09 April 2011

Por uma clara alternativa política de esquerda

Nos últimos dias assistimos a um autêntico ping-pong de afirmações e declarações sobre a necessidade, ou não, de pedir ajuda ao FMI, por parte de dirigentes do PSD e de membros do governo e do PS. Entretanto, vamos tomando conhecimento dos “benefícios” de que os povos grego e irlandês têm “usufruído” com as ajudas que os respectivos governos pediram ao FMI. Os juros dos empréstimos são altíssimos, as condições de vida de gregos e irlandeses são cada vez piores e a degradação de tecido económico também.

Passos Coelho tem, repetidamente, declarado que não hesitaria em pedir ajuda externa, para impedir o aumento dos juros da dívida e para obstar ao prolongamento das dificuldades dos portugueses. Por mais que nos esforcemos não conseguimos entender como tal será possível, dadas as informações que nos chegam dos países que se encontram sob intervenção do FMI.

Interrogamo-nos, cremos que pertinentemente, sobre o que faz correr os defensores do pedido de ajuda externa. Interrogámo-nos, igualmente, sobre o que está por detrás da sanha persecutória das agências de rating (notação financeira), contra a economia portuguesa. Sabemos que estas agências funcionam como “informantes” dos mesmos especuladores financeiros nacionais e internacionais que têm vindo a ganhar com o aumento dos juros sobre os empréstimos a que temos sido forçados a recorrer.

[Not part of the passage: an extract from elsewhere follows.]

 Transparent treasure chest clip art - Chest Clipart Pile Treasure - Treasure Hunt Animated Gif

Temos perfeita consciência de que a situação de Portugal é substancialmente diferente da Islândia, mas estranhamos que a comunicação social não refira as medidas tomadas por aquele país, para ultrapassar a crise para onde a economia de casino, a empurrou. O governo da Islândia, eleito já após a eclosão da crise, recusou pagar as dividas bancárias e está a conseguir dar a volta à economia, já retirou o país da recessão, sem pôr de lado a responsabilização criminal de quem provocou a crise. Na Islândia, o povo é quem mais ordena. No nosso país, a completa submissão dos partidos do centrão aos ditames do eixo Berlim/Paris e a visão neo-liberal da economia que os norteia, não permite equacionar, sequer, outras medidas para sair da crise.

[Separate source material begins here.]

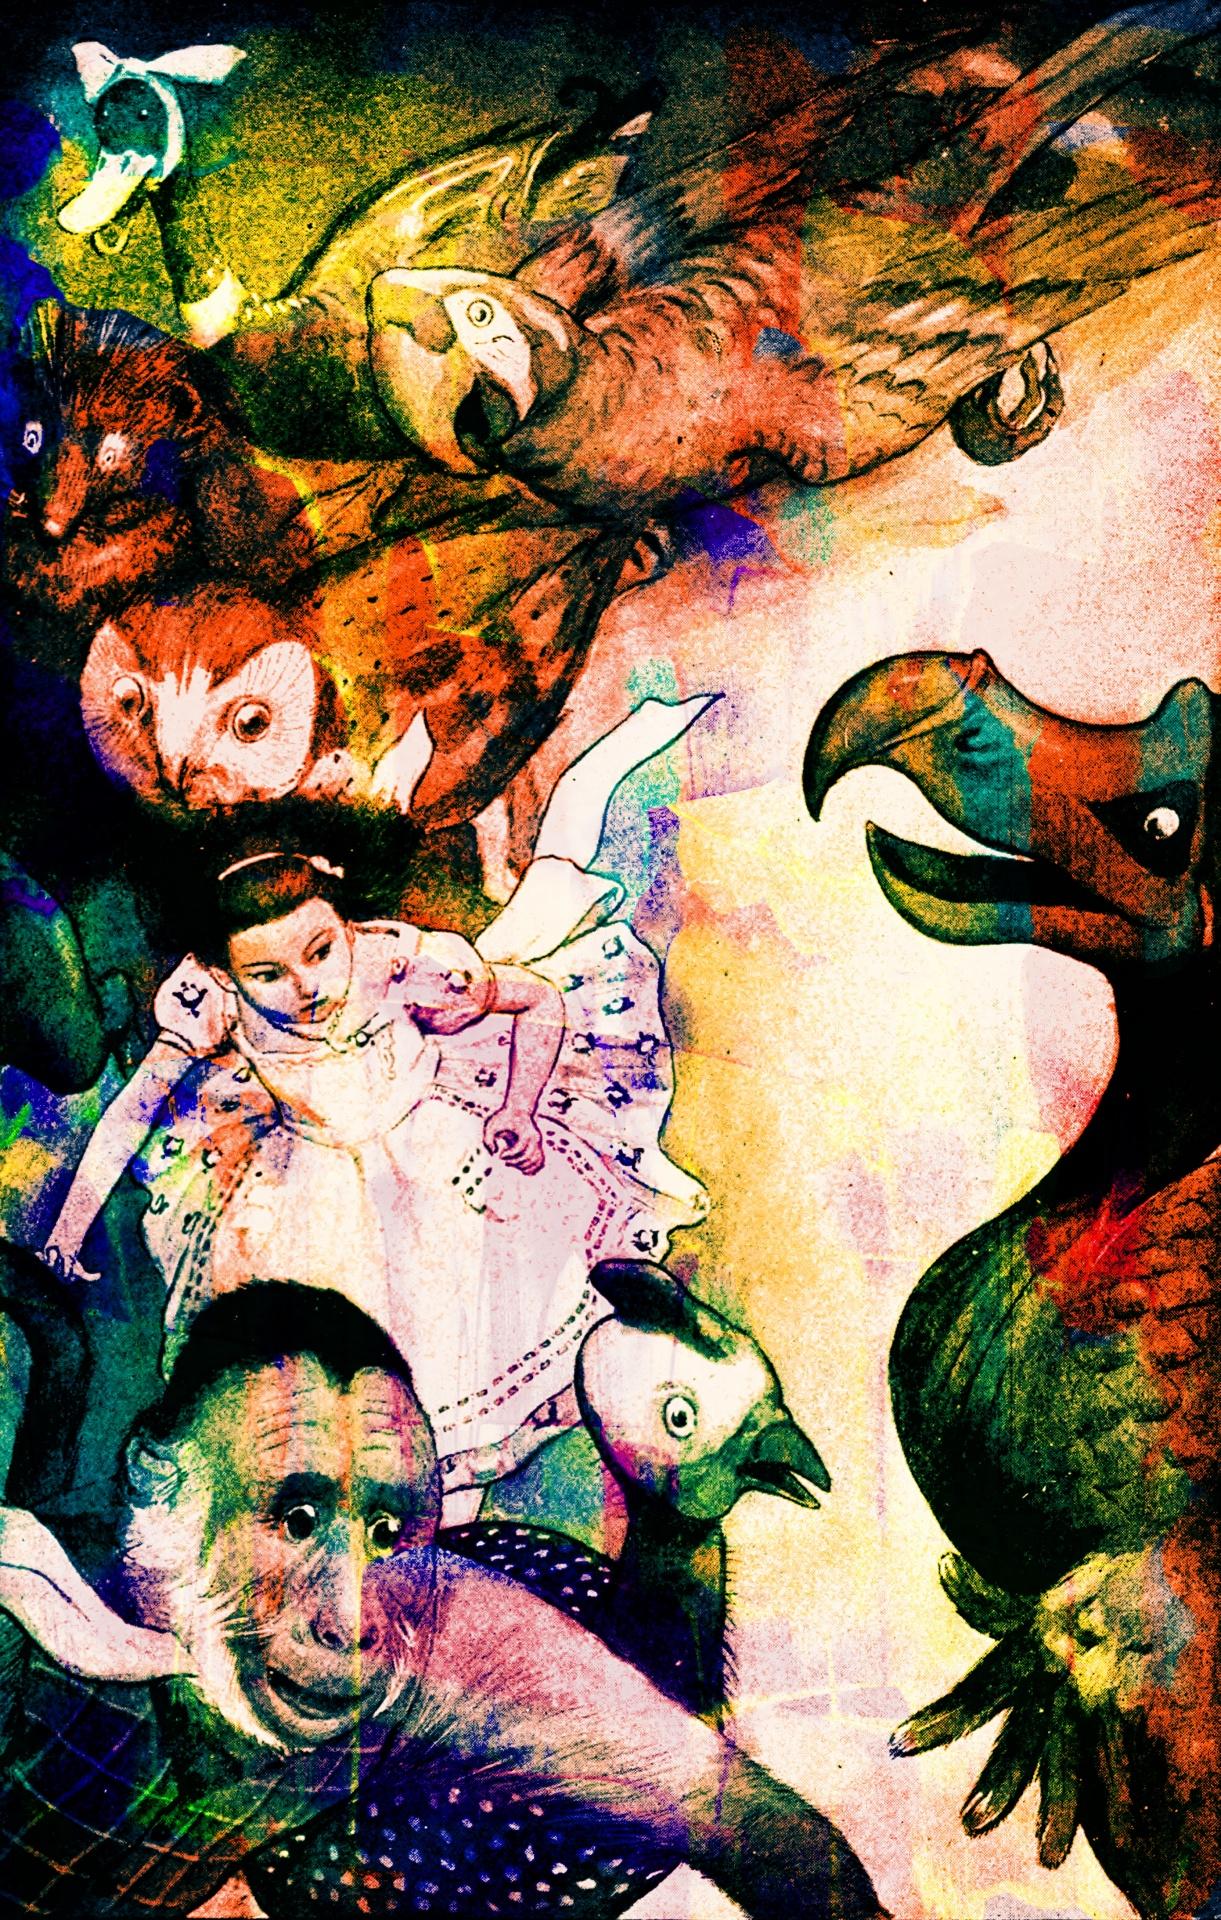 Vintagebook Illustrationalice Wonderlandold Fashionedvictorian

Iremos ter em 5 de Junho eleições para a Assembleia da Republica, de onde deverá sair um novo Governo. Os portugueses deverão estar bem atentos às propostas que lhes vão ser apresentadas. À esquerda têm sido feitas propostas alternativas às políticas que têm vindo a ser seguidas pelos governos PS e PSD/CDS e que levaram o país à triste situação a que chegamos. É tempo de experimentar novas formas de enfrentar os problemas, não recorrendo aos modelos que já provaram não serem capazes de alterar a situação. Os portugueses têm fama e disso já deram provas, de serem um povo corajoso. Está na altura de o provar de novo, alterando o rumo e procurando novas políticas.

Um novo governo, saído das eleições, deveria assumir a responsabilidade de defender o estado social, o serviço nacional de saúde, o ensino público, recusar a privatização das empresas estratégicas do estado, transportes públicos, CTT e a Caixa Geral de Depósitos; rever os contratos das parcerias publico/privadas; renegociar a dívida pública; taxar as grandes fortunas; as transacções financeiras para os offshores, os negócios das grandes empresas; criar condições de financiamento às pequenas e médias empresas, permitindo a criação de empregos e pôr fim aos apoios à banca privada. Enfim, colocar a economia ao serviço das populações e não o contrário como hoje acontece. Uma tal perspectiva merece ser encarada com a maior esperança. Nada é impossível, o futuro está nas nossas mãos.

Um exemplo do que não deve ser feito está à vista em Matosinhos. A Câmara Municipal resolveu aumentar exponencialmente as taxas de publicidade dos estabelecimentos comerciais a pretexto de que necessita de fundos. Estranhamente há pouco tempo foi apresentado pelo Bloco de Esquerda, na Assembleia Municipal, uma recomendação para que fosse taxada a ocupação da via pública pelas vulgarmente conhecidas Caixas Multibanco. Tal proposta foi rejeitada por todas as bancadas, pois nos bancos não se pode tocar. A 5 de Junho podemos alterar a situação, basta que o queiramos. Como dizia o poeta , “ … caminhante, não há caminho, faz-se o caminho ao andar “.